> _TASK INSTRUCTIONS_:
Reproduce the listing exactly. Omit pictures.

> _GIVEN MATERIAL_:
* * * * * * *
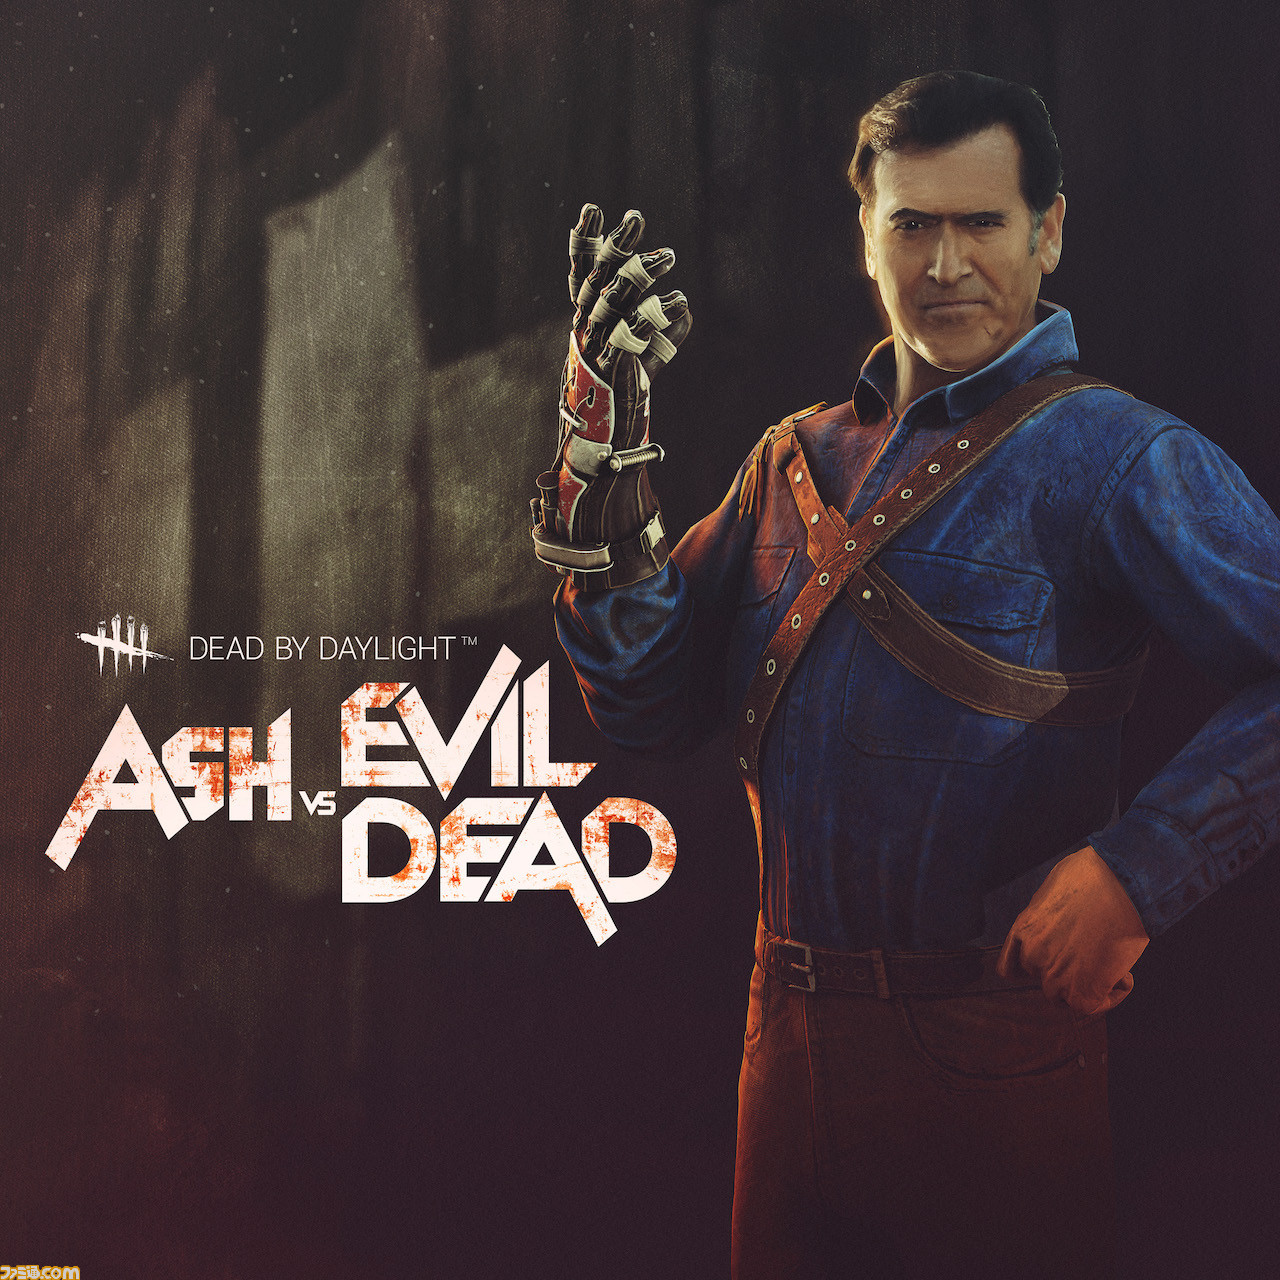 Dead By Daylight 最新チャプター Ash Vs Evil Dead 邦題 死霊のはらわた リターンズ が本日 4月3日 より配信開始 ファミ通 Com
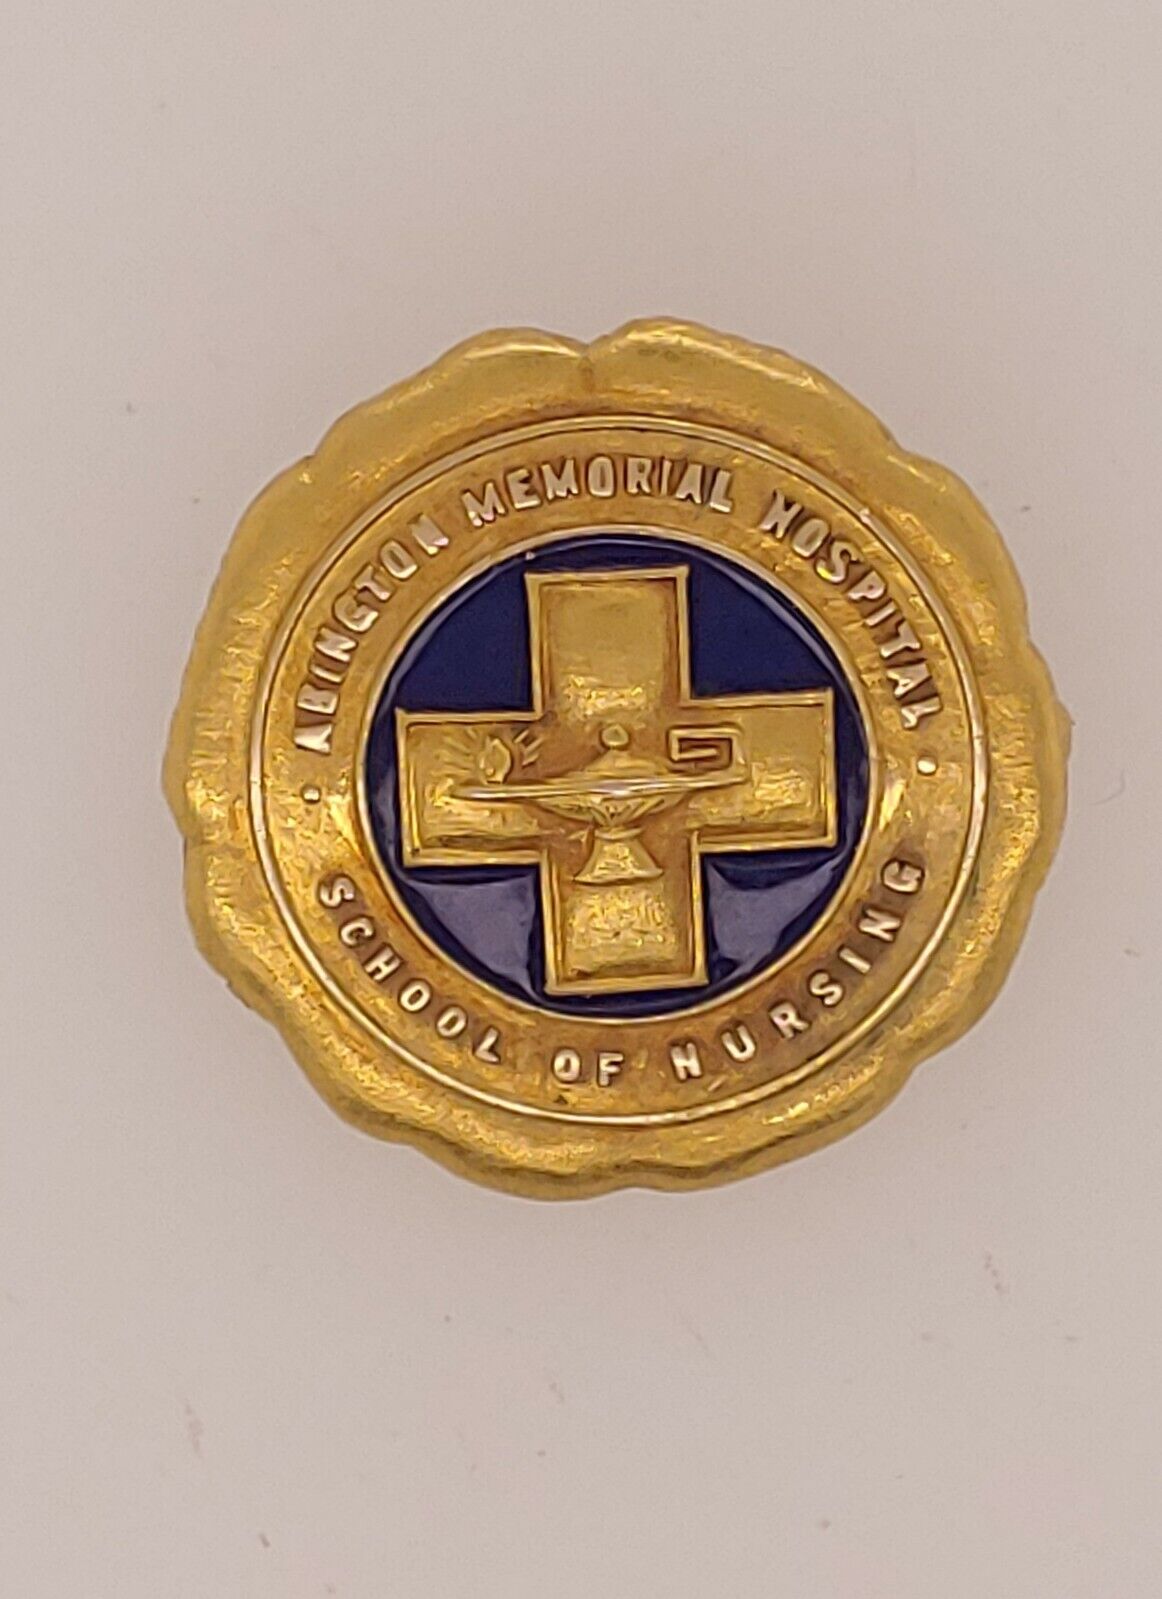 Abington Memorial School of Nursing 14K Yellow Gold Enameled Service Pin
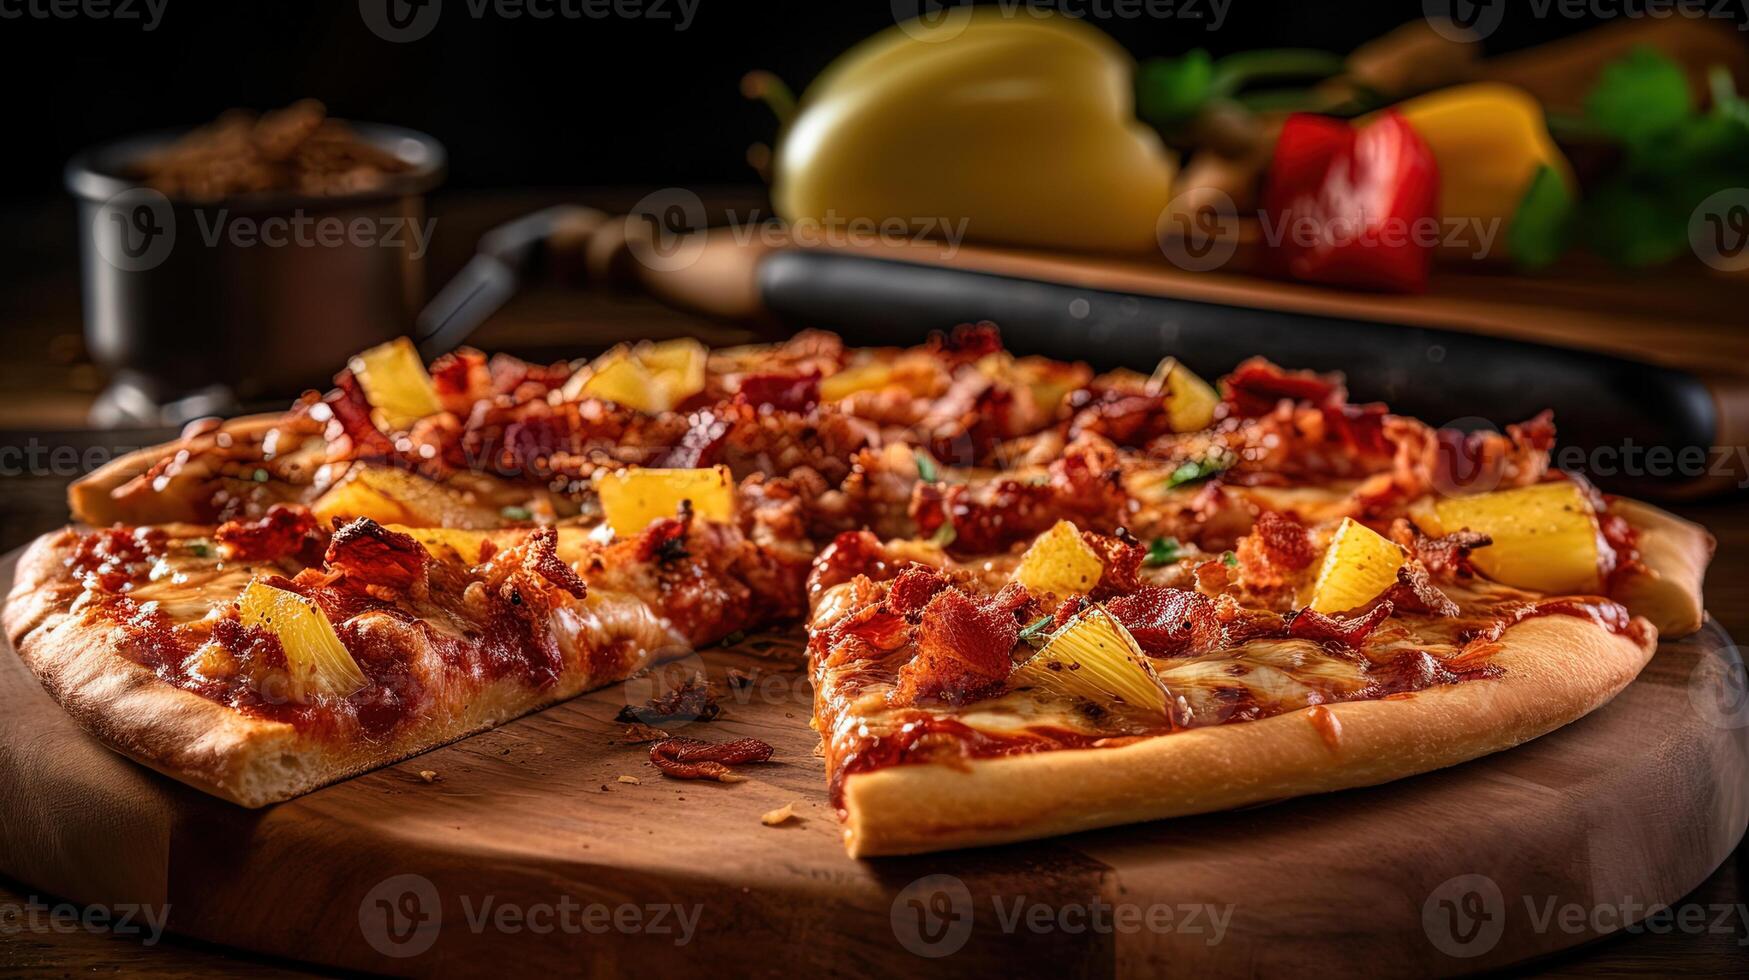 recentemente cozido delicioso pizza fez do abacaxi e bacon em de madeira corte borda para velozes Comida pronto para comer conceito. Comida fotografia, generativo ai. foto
* * * * * * *
> _RESULT_:
 Dead By Daylight 最新チャプター Ash Vs Evil Dead 邦題 死霊のはらわた リターンズ が本日 4月3日 より配信開始 ファミ通 Com
 Abington Memorial School of Nursing 14K Yellow Gold Enameled Service Pin
 recentemente cozido delicioso pizza fez do abacaxi e bacon em de madeira corte borda para velozes Comida pronto para comer conceito. Comida fotografia, generativo ai. foto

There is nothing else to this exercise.